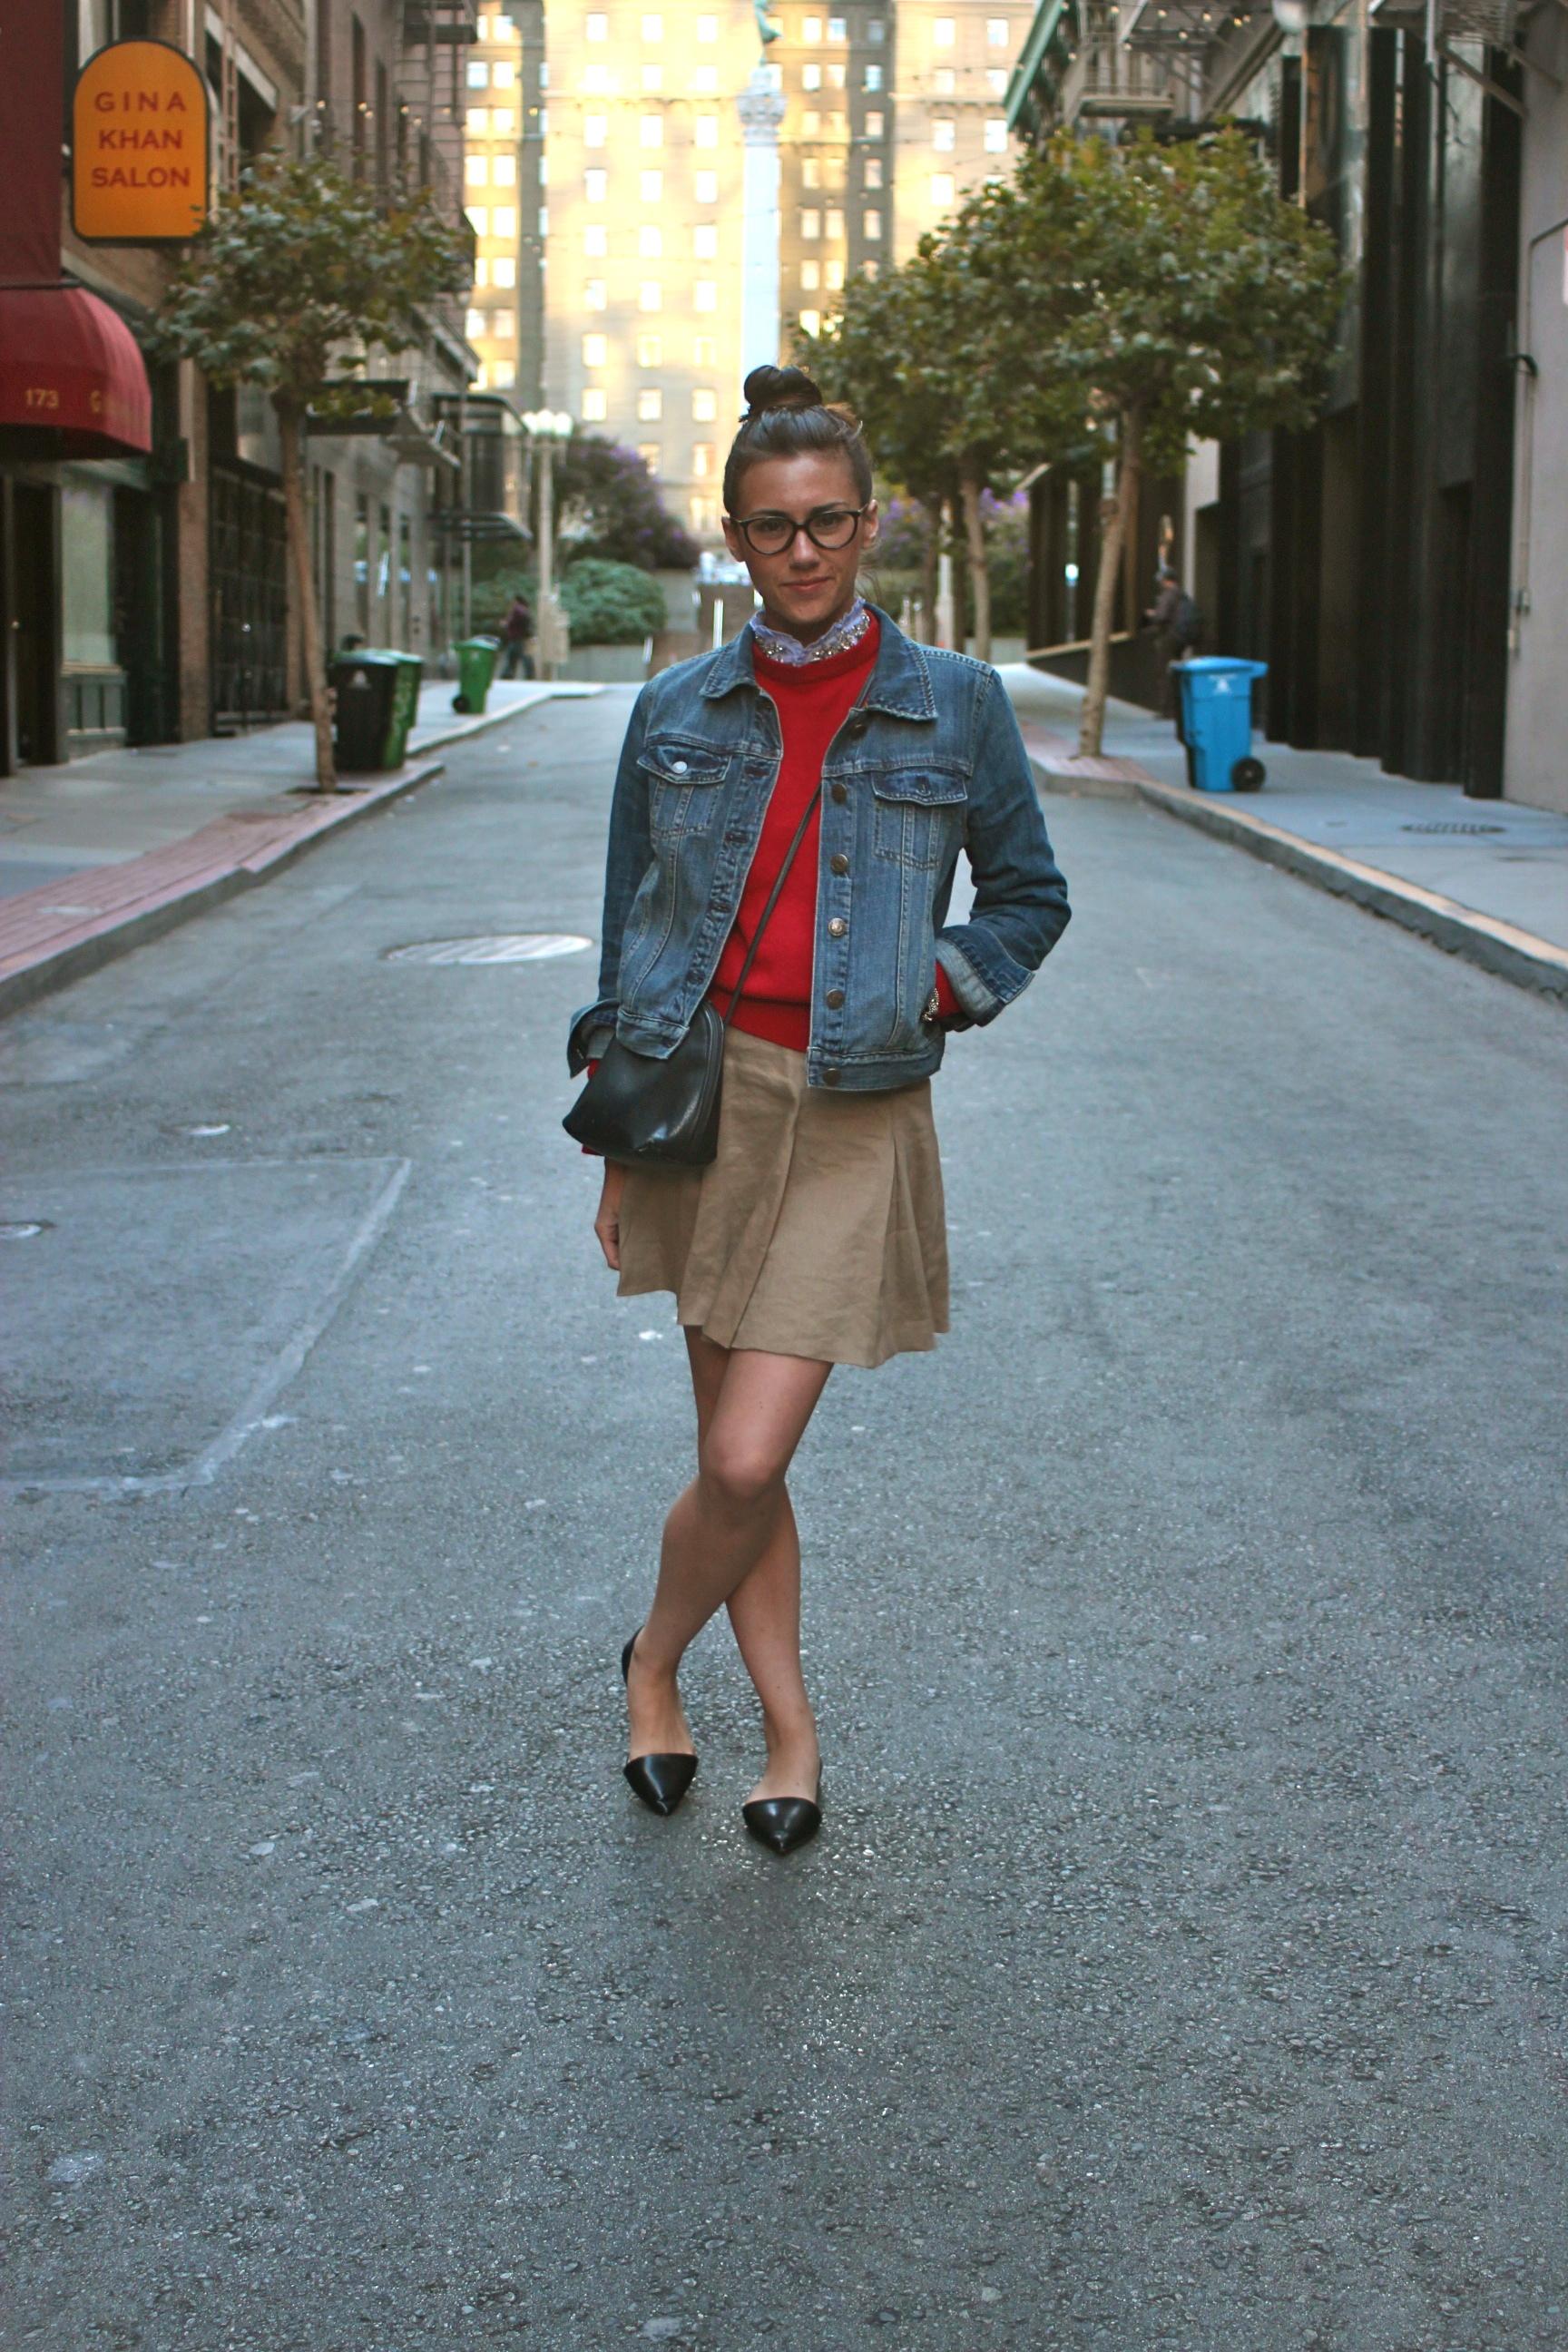 Denim Jacket: J.Crew; Wool Sweater: Vintage; Blouse: J.Crew; Skirt: Alice + Olivia; Flats: Zara; Purse: Vintage, circa 1980 ; Bracelet: Liquid Metal Jewelry
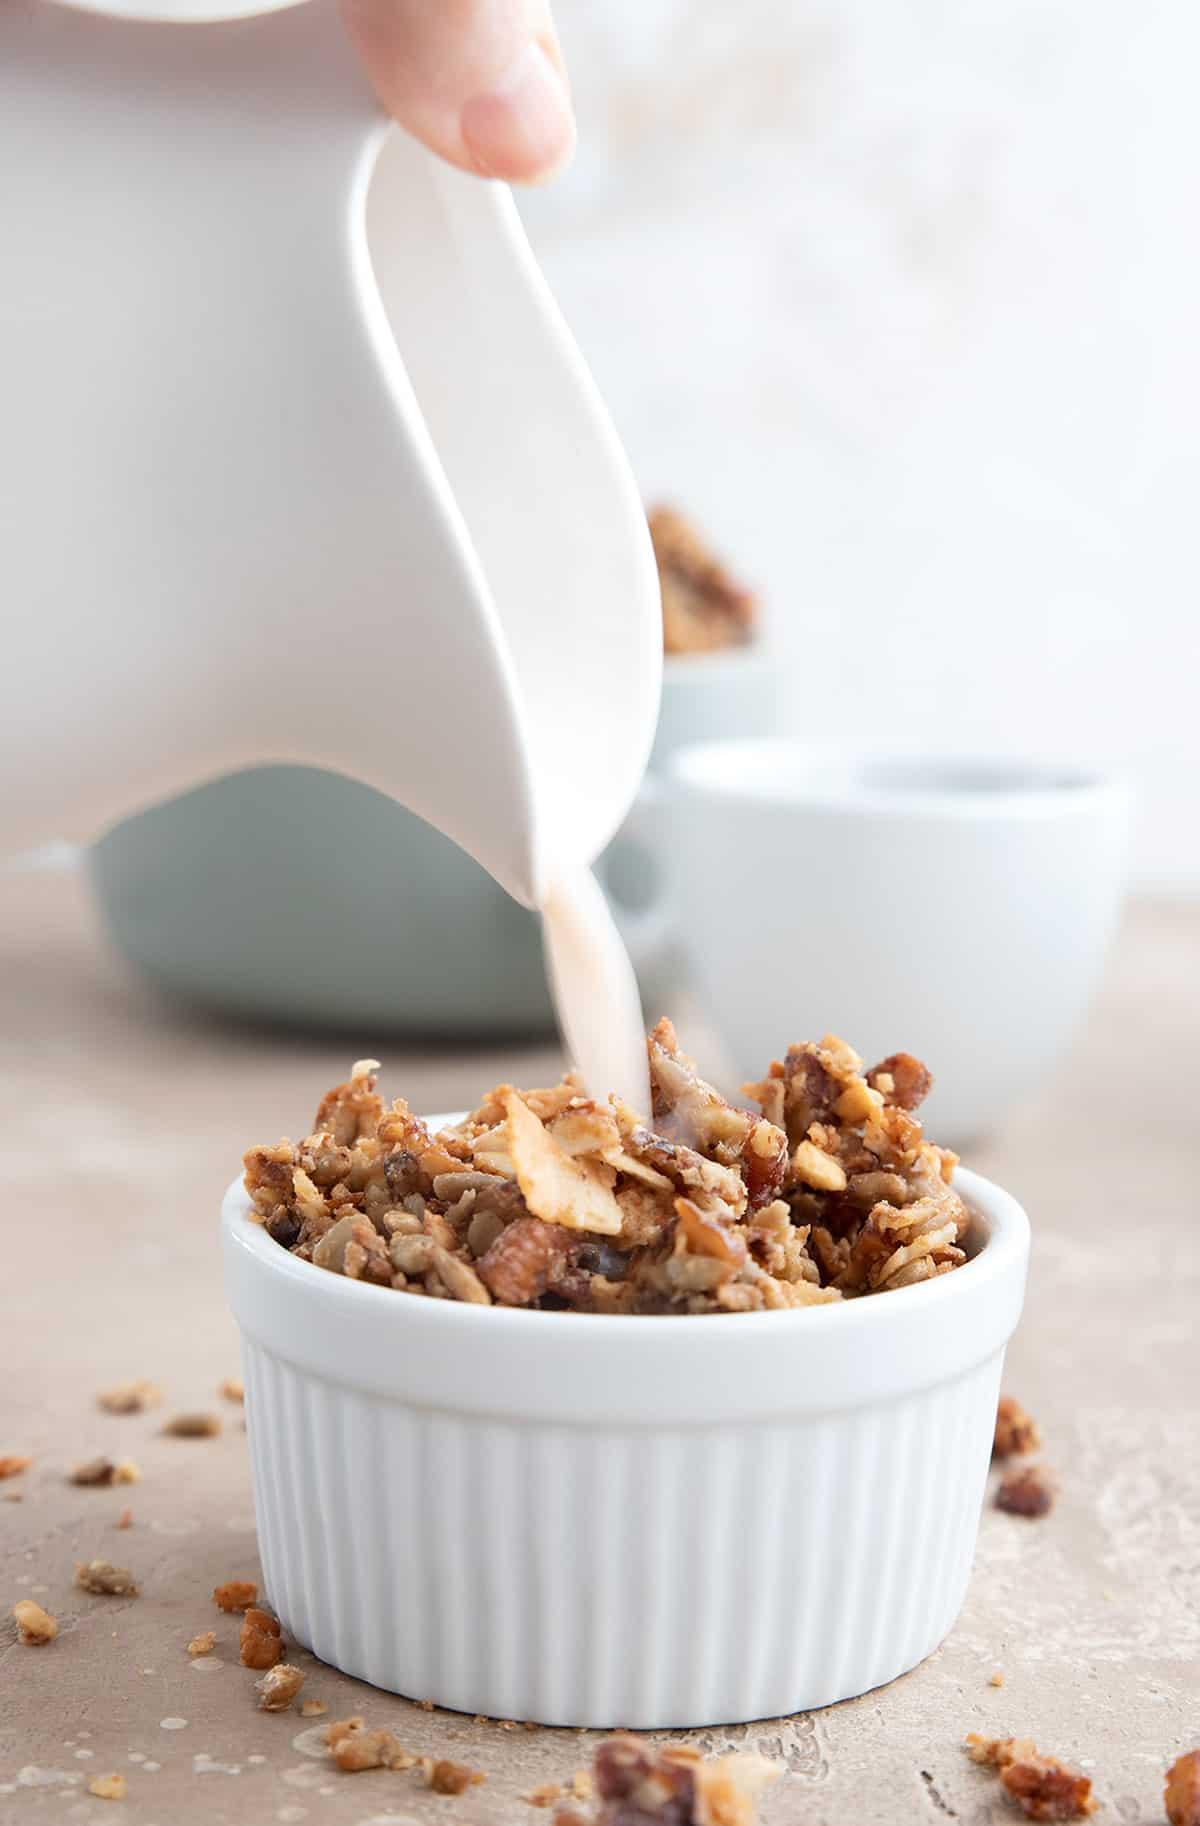 A white jug pours almond milk into a bowl of low carb granola
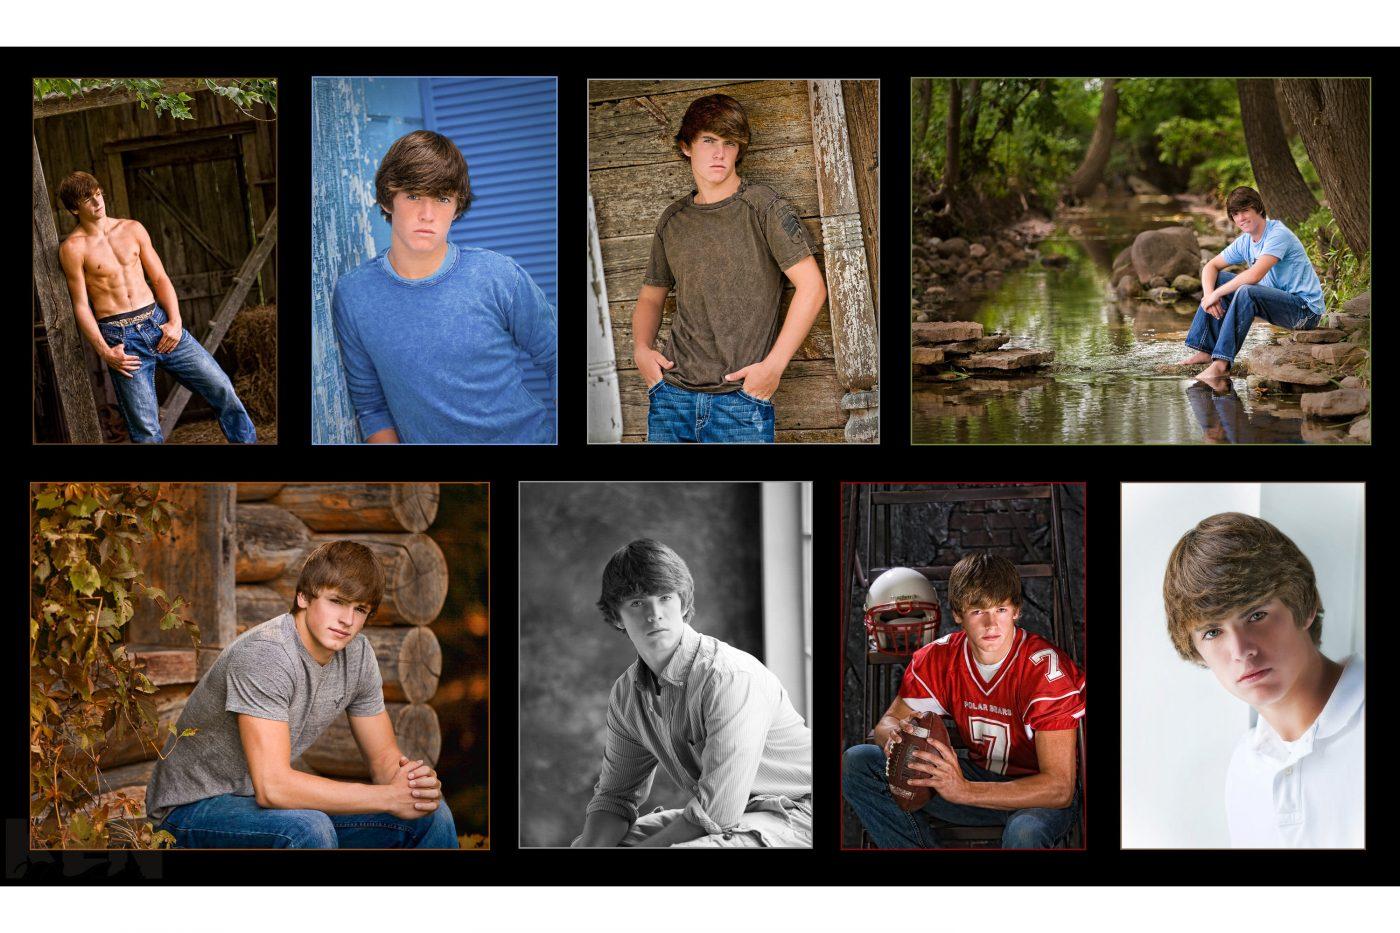 8 images high school senior boy
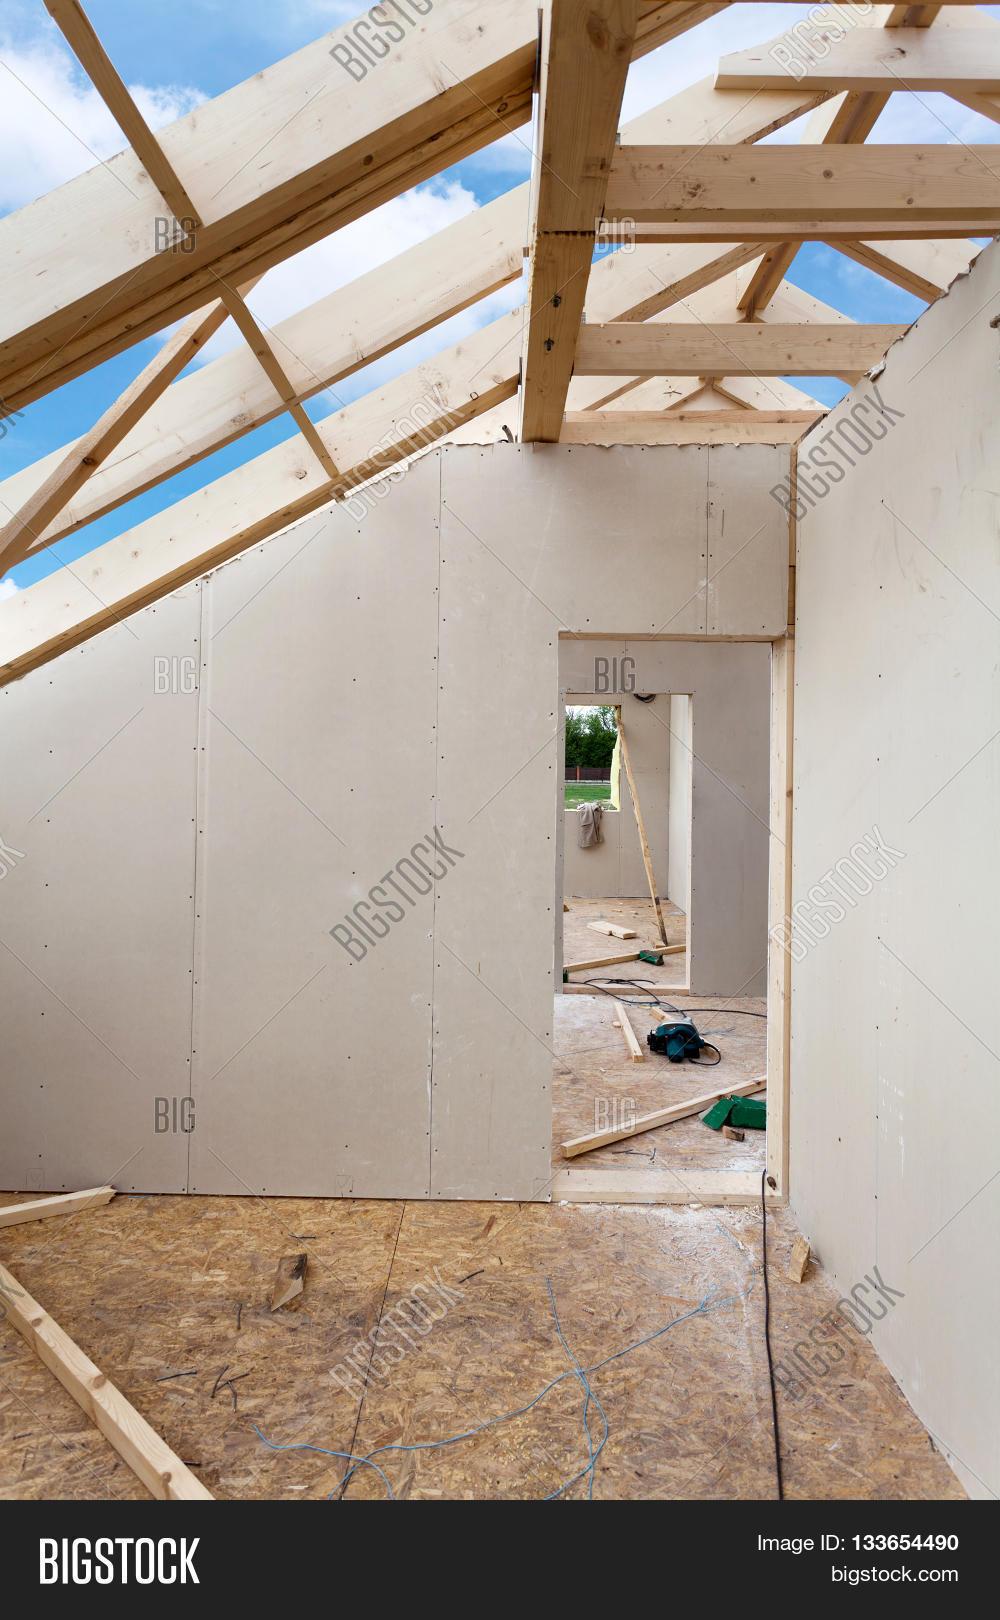 Attic Room Under Construction With Gypsum Plaster Boards

■ Task
Leaving the pictures out, output all of the listing exactly.

■ Exercise output
 Denim Jacket: J.Crew; Wool Sweater: Vintage; Blouse: J.Crew; Skirt: Alice + Olivia; Flats: Zara; Purse: Vintage, circa 1980 ; Bracelet: Liquid Metal Jewelry
 A white jug pours almond milk into a bowl of low carb granola
 8 images high school senior boy
 Attic Room Under Construction With Gypsum Plaster Boards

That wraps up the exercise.